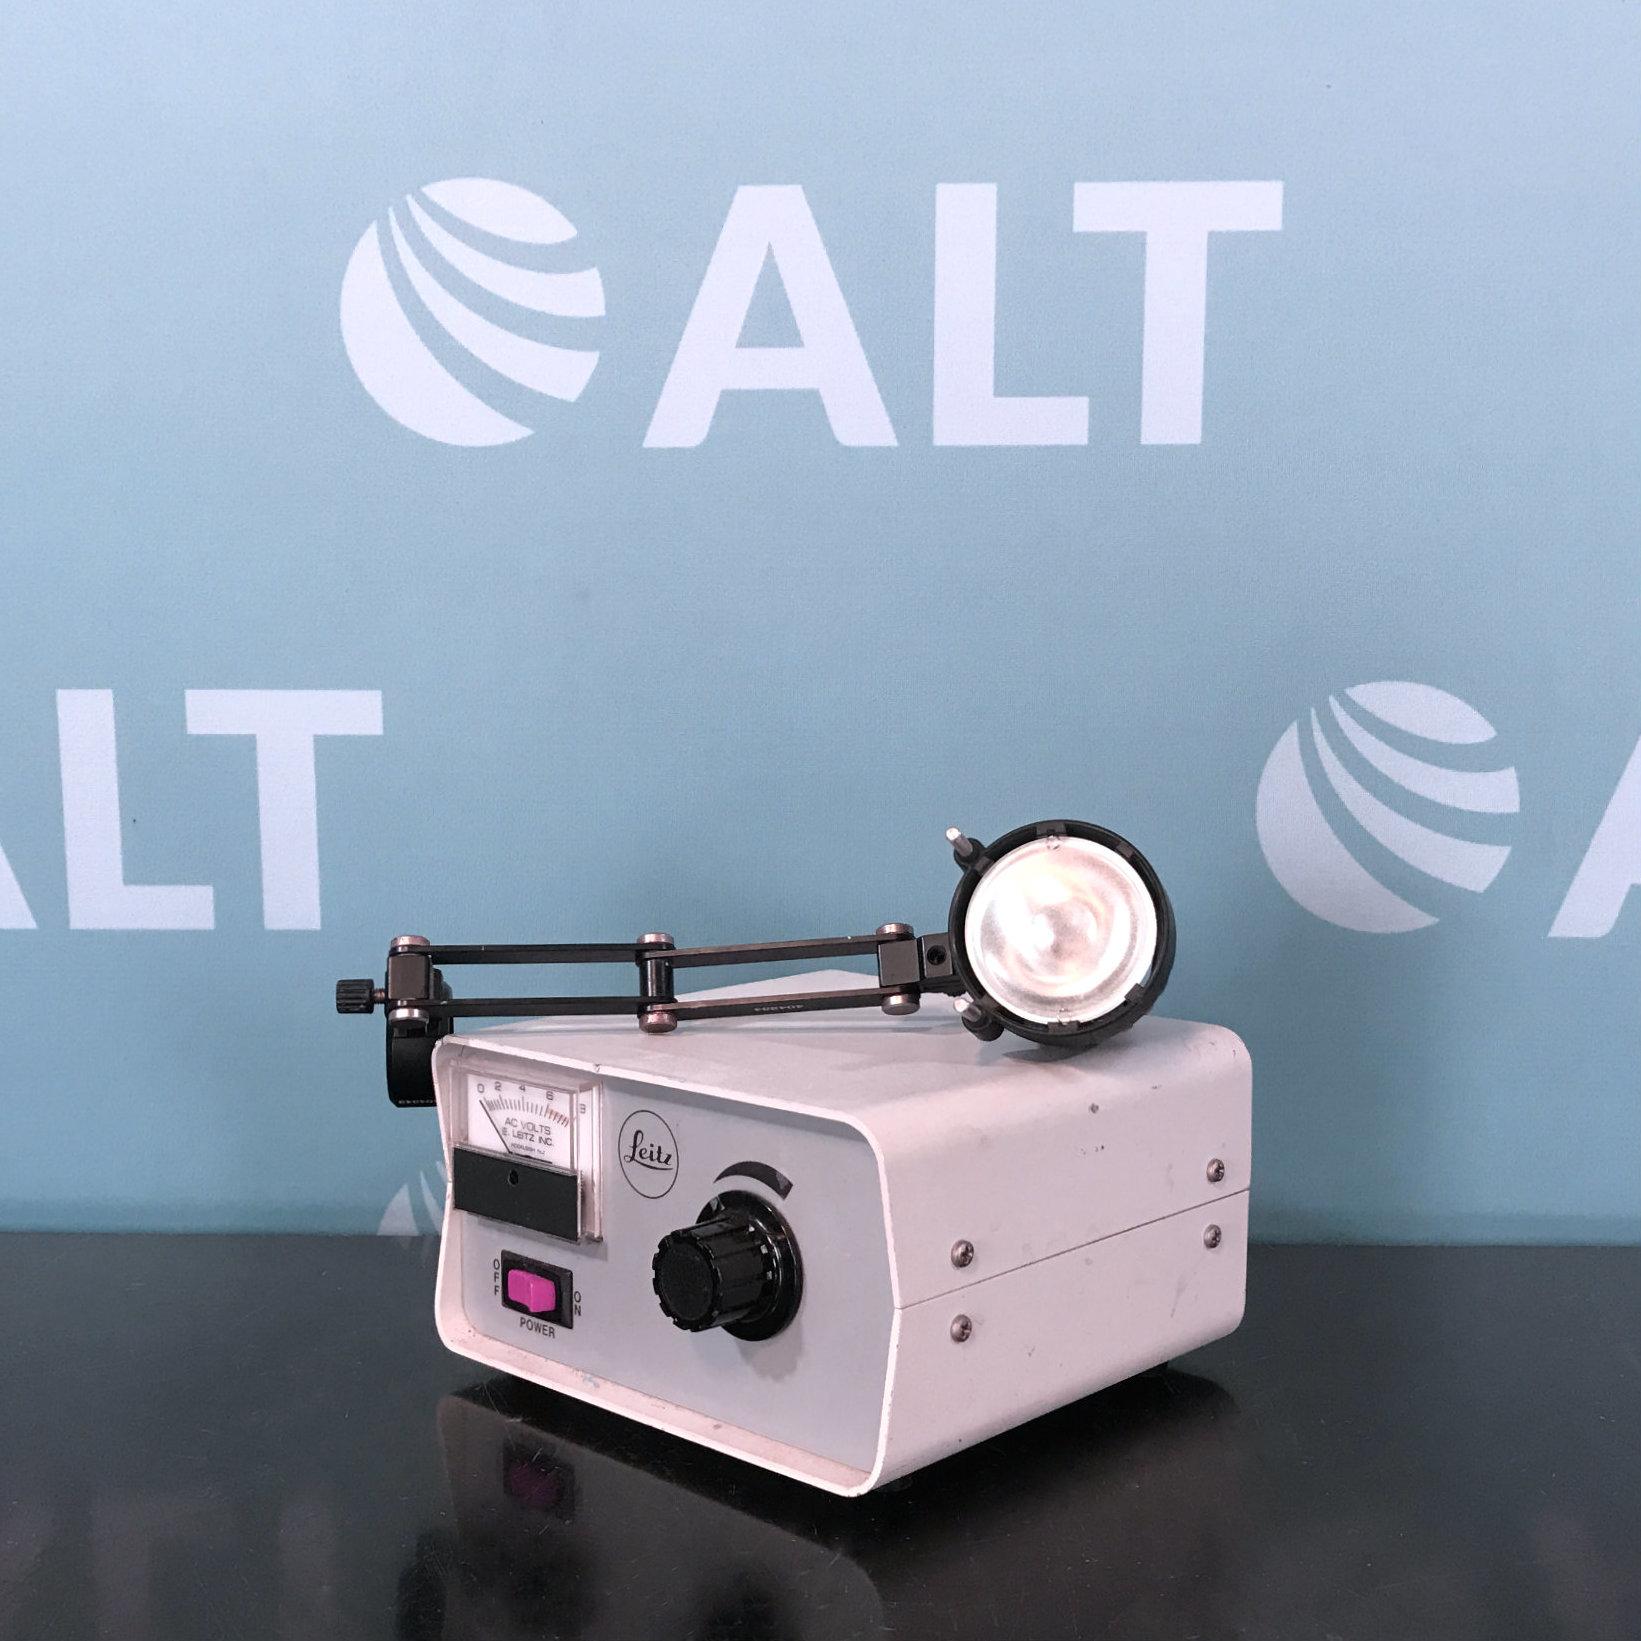 Leitz 050-261 Microscope Power Supply Image
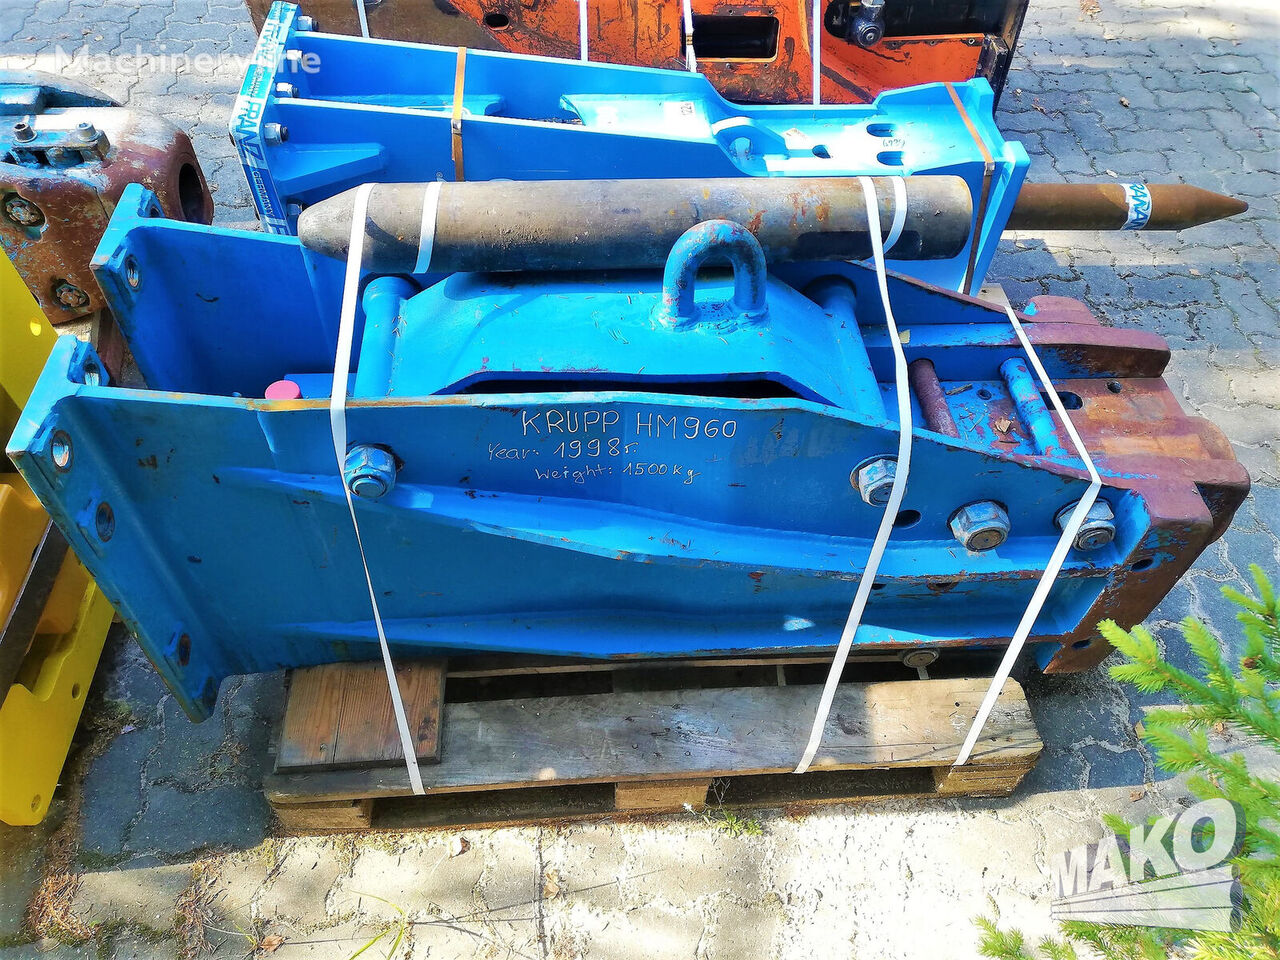 KRUPP HM 951 960 hidrauliskais āmurs
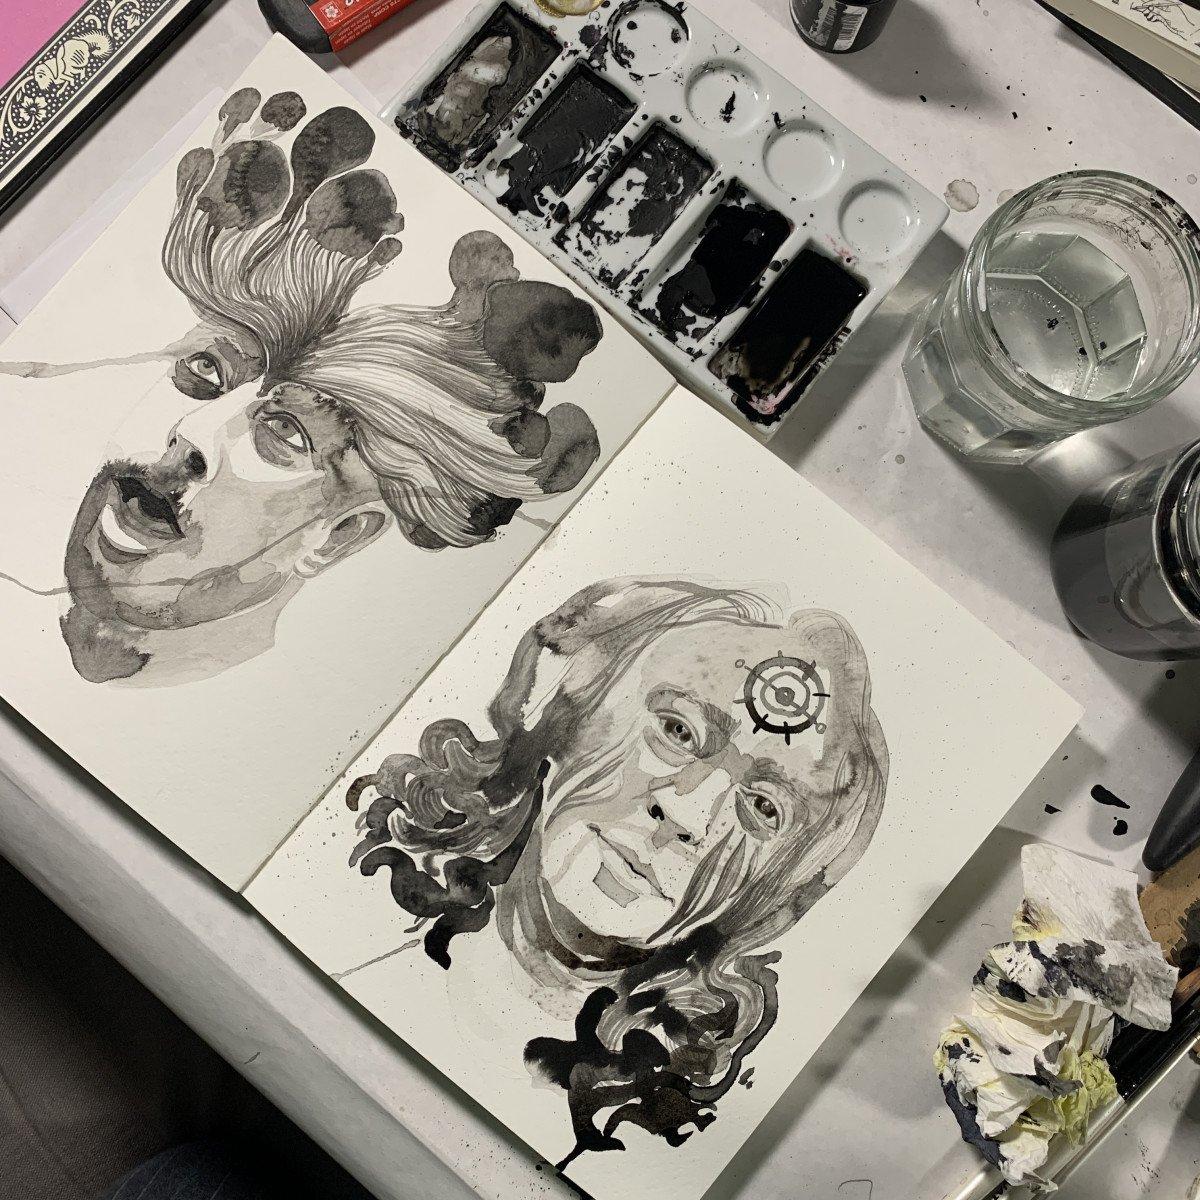 The Undead Come Alive! Zombie Portraits Ink killerpancake ki11erpancake illustration halloween

----------

Give the data again exactly, image-free.

 Leitz 050-261 Microscope Power Supply Image
 KRUPP HM 951 960 hidrauliskais āmurs
 The Undead Come Alive! Zombie Portraits Ink killerpancake ki11erpancake illustration halloween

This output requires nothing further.